:: RECORDED INFORMATION

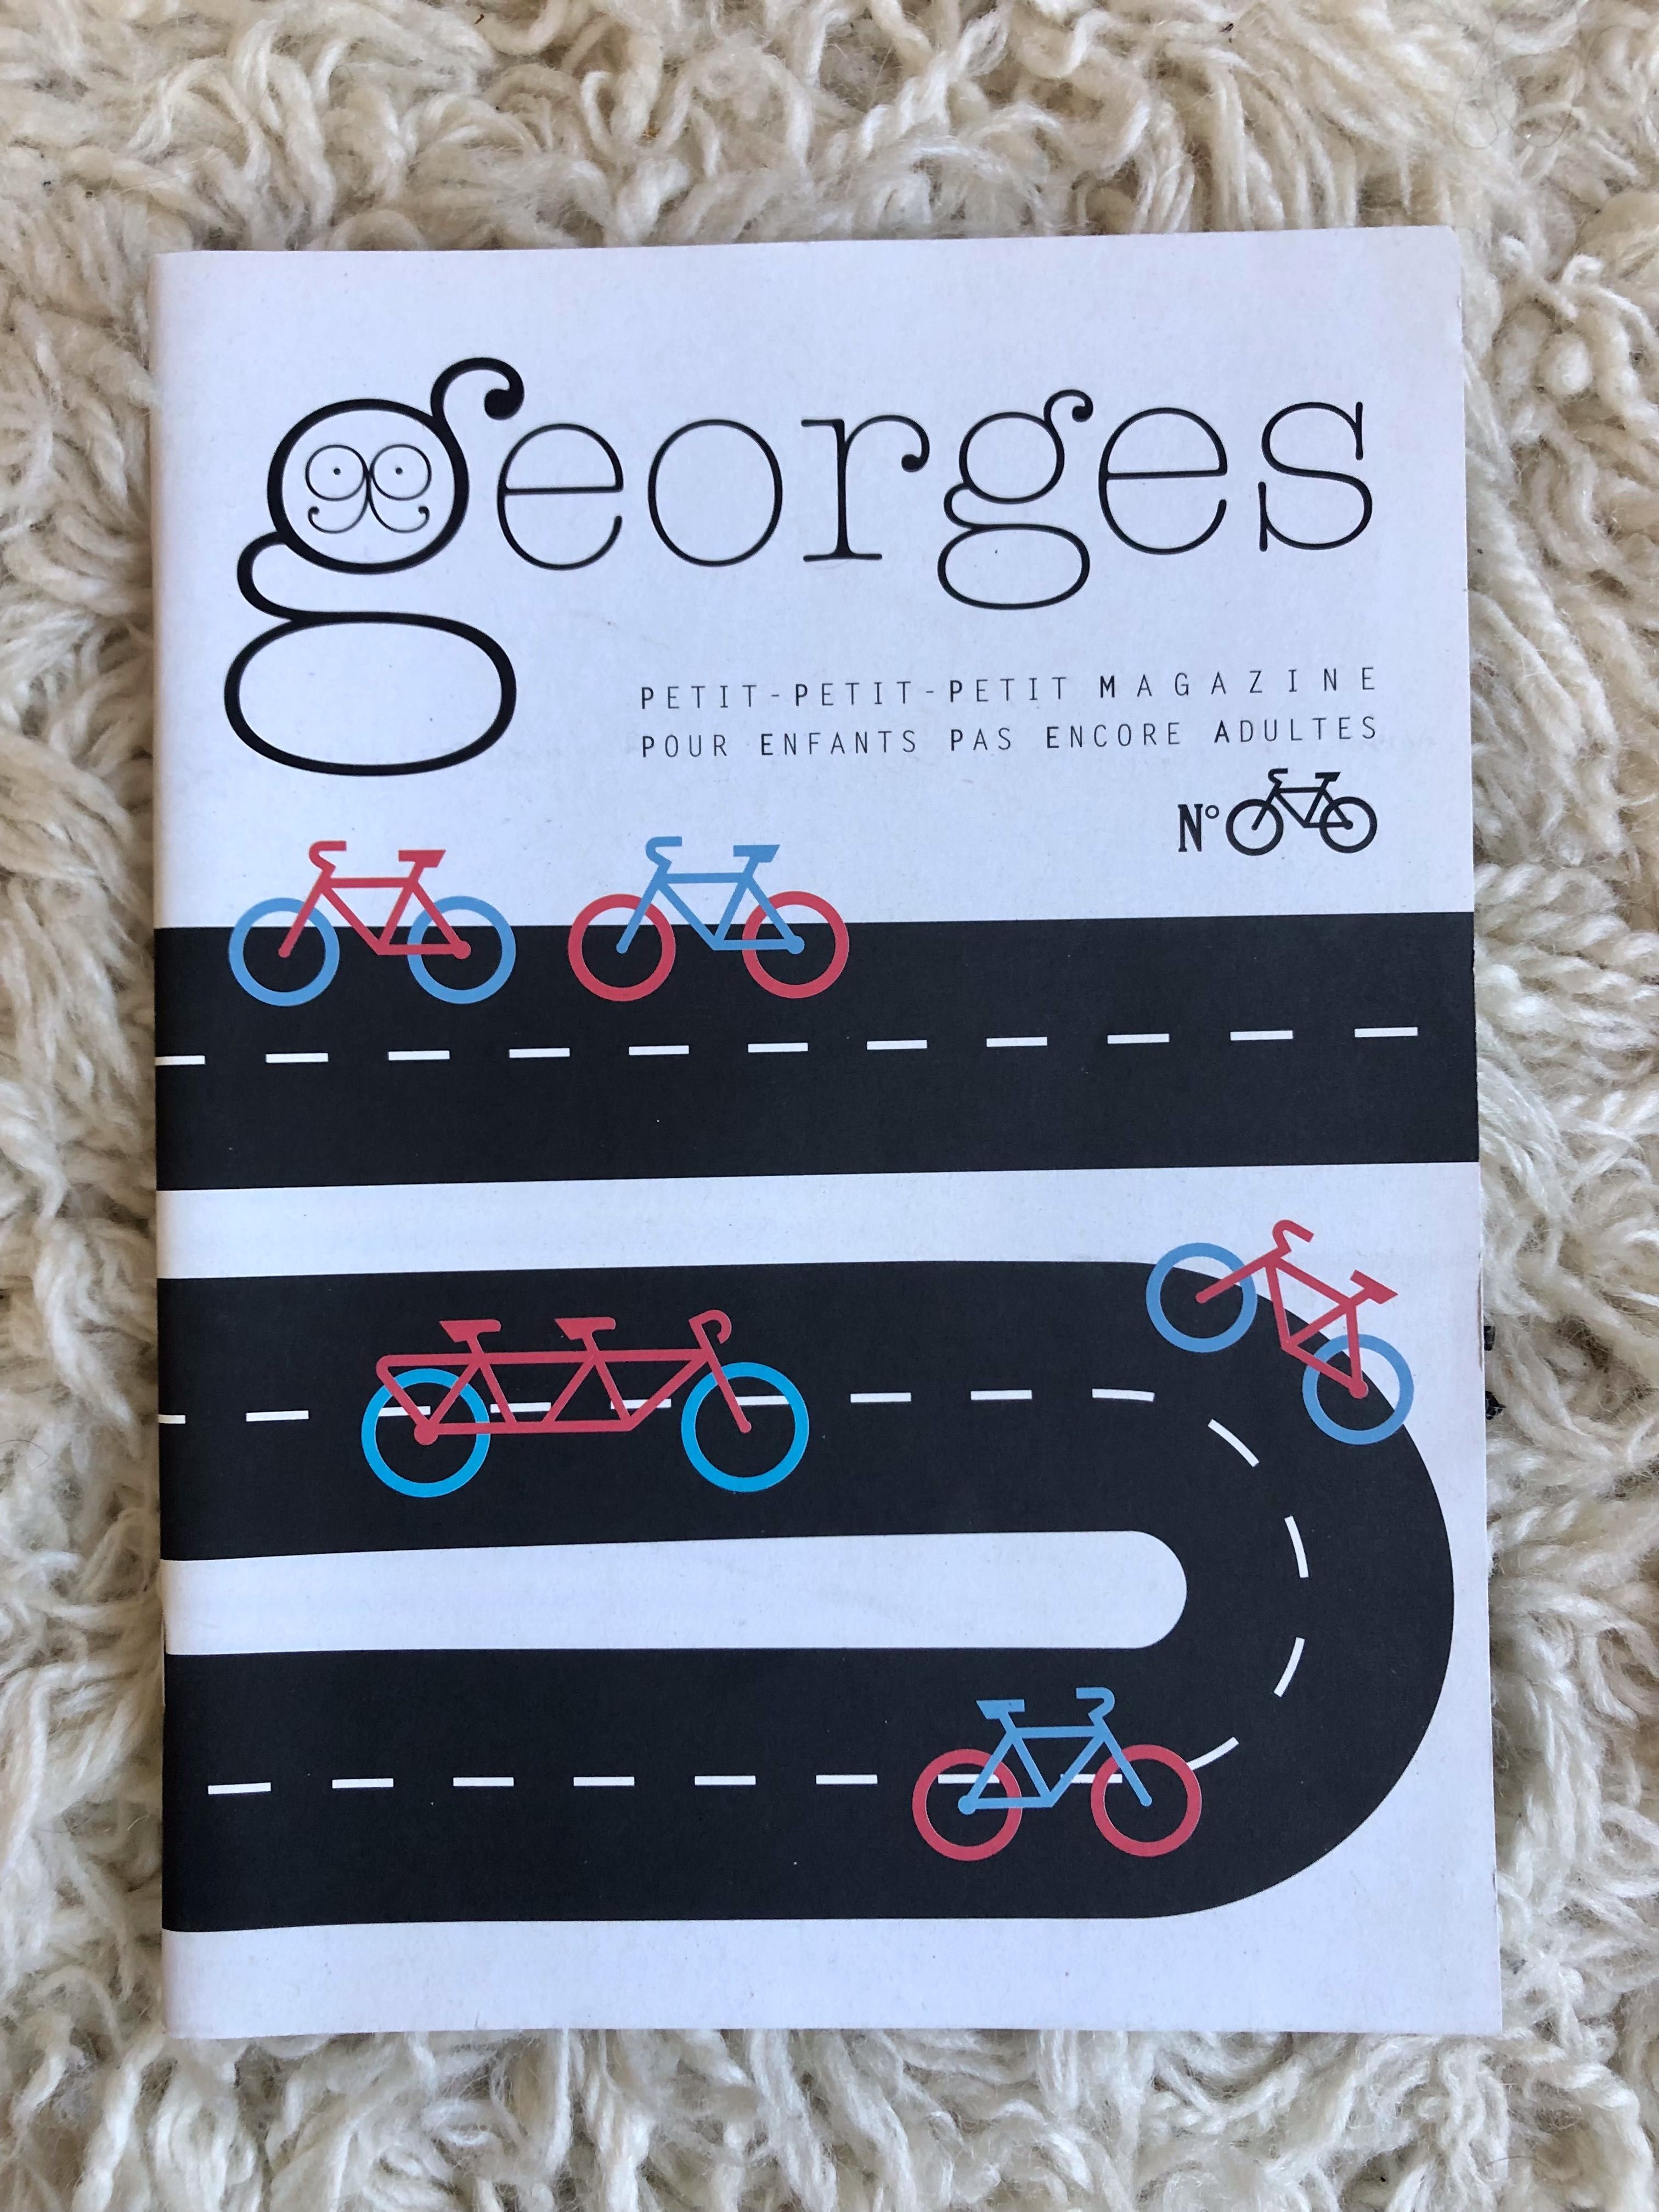 georges PETIT magazine
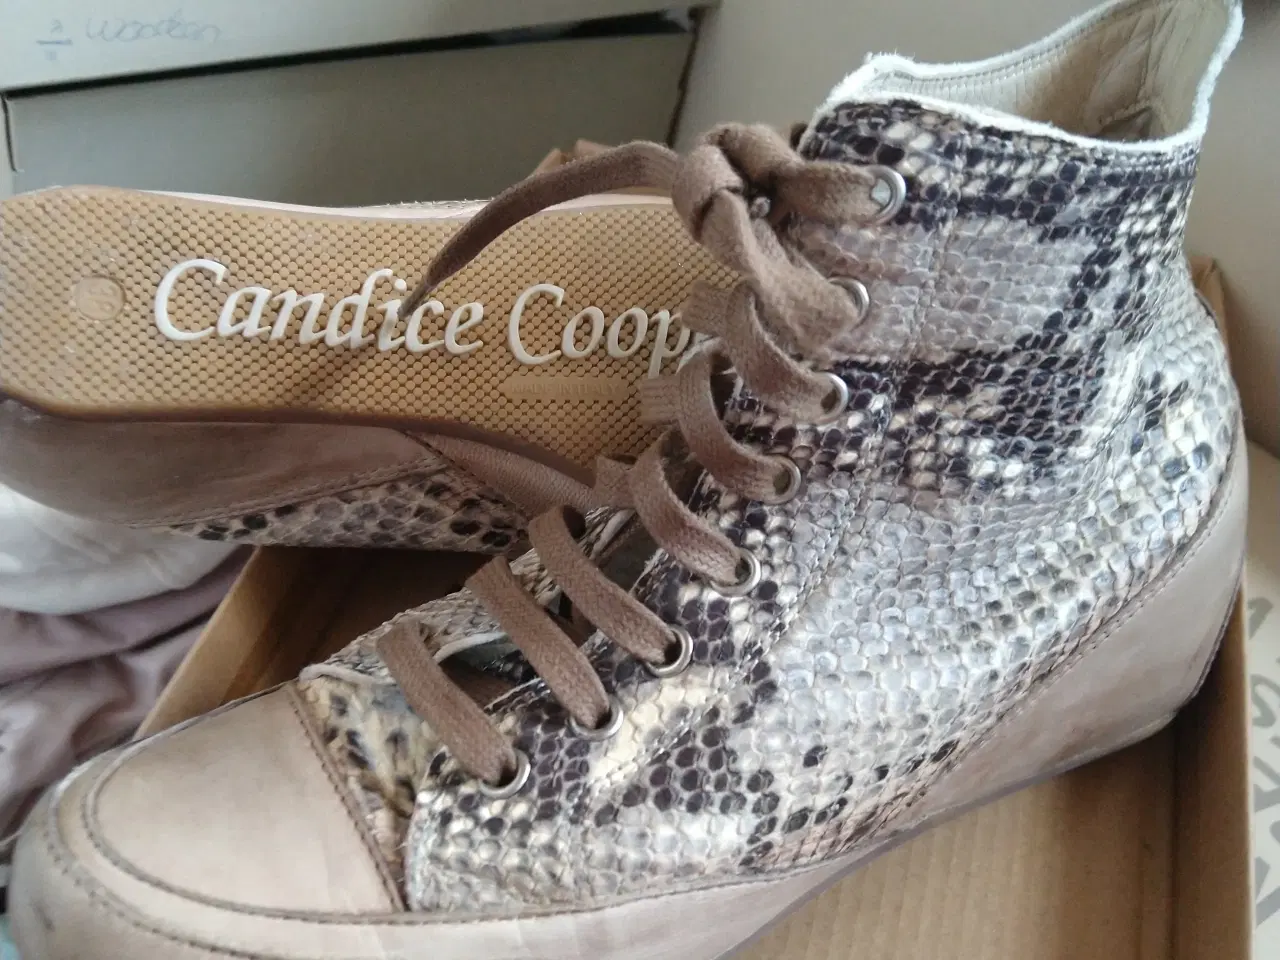 Billede 2 - Candice Cooper dame støvle.38
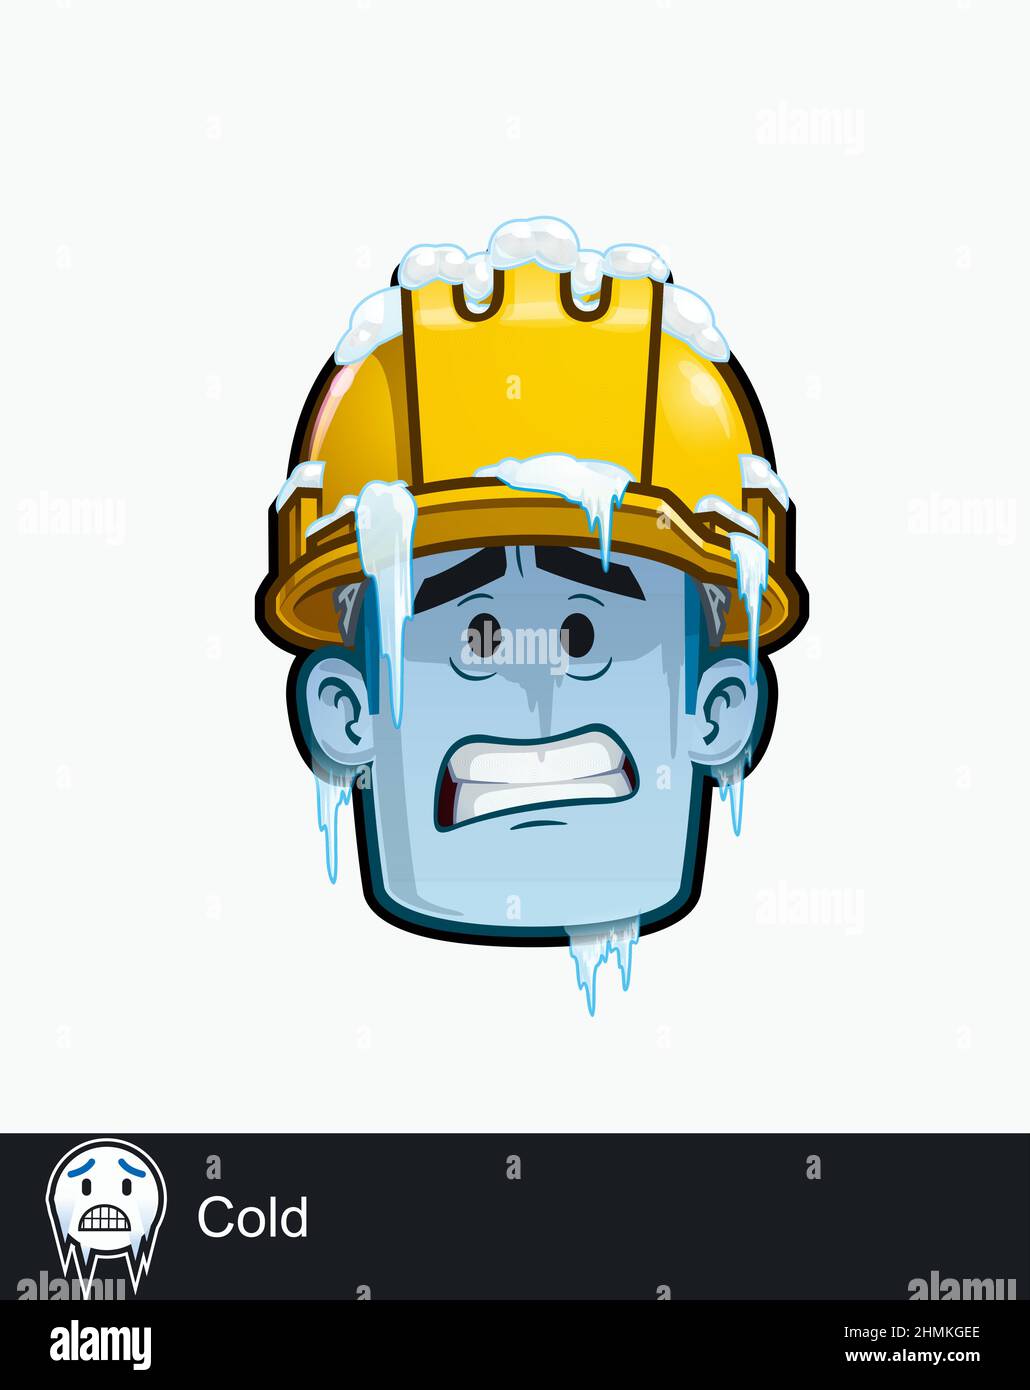 Ikone eines Bauarbeiters Gesicht mit kaltem - eiskalten emotionalen Ausdruck. Alle Elemente übersichtlich auf gut beschriebenen Ebenen und Gruppen. Stock Vektor
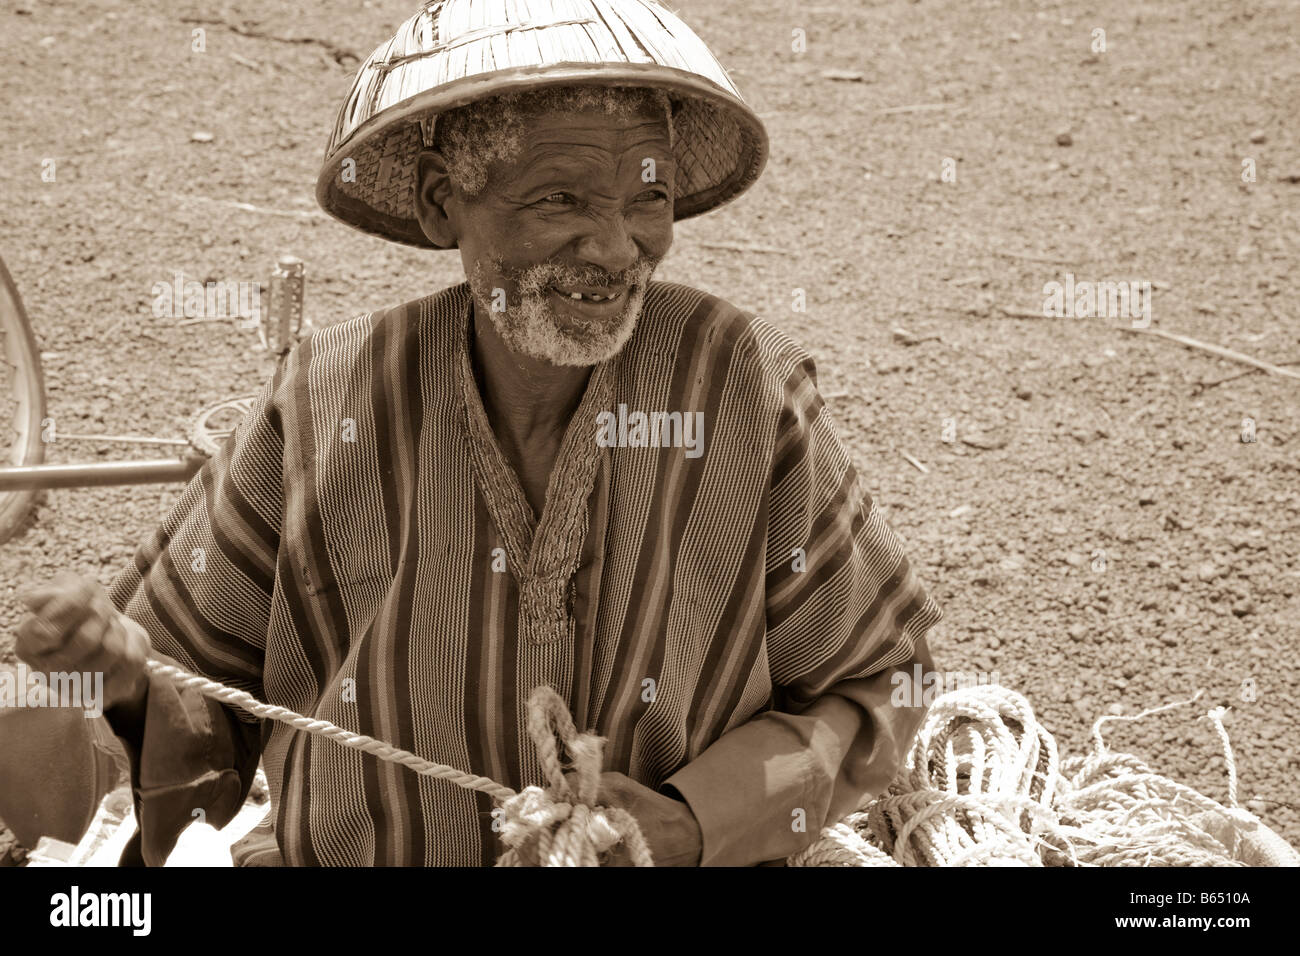 Un vieil homme Peul se trouve en face du marché des animaux à Kaya, Burkina Faso le tissage d'acier qu'il vend à l'marketgoers. Banque D'Images

::::

Output the listing unchanged, pictures excluded.

 georges PETIT magazine
 Billede 2 - Candice Cooper dame støvle.38
 Ikone eines Bauarbeiters Gesicht mit kaltem - eiskalten emotionalen Ausdruck. Alle Elemente übersichtlich auf gut beschriebenen Ebenen und Gruppen. Stock Vektor
 Un vieil homme Peul se trouve en face du marché des animaux à Kaya, Burkina Faso le tissage d'acier qu'il vend à l'marketgoers. Banque D'Images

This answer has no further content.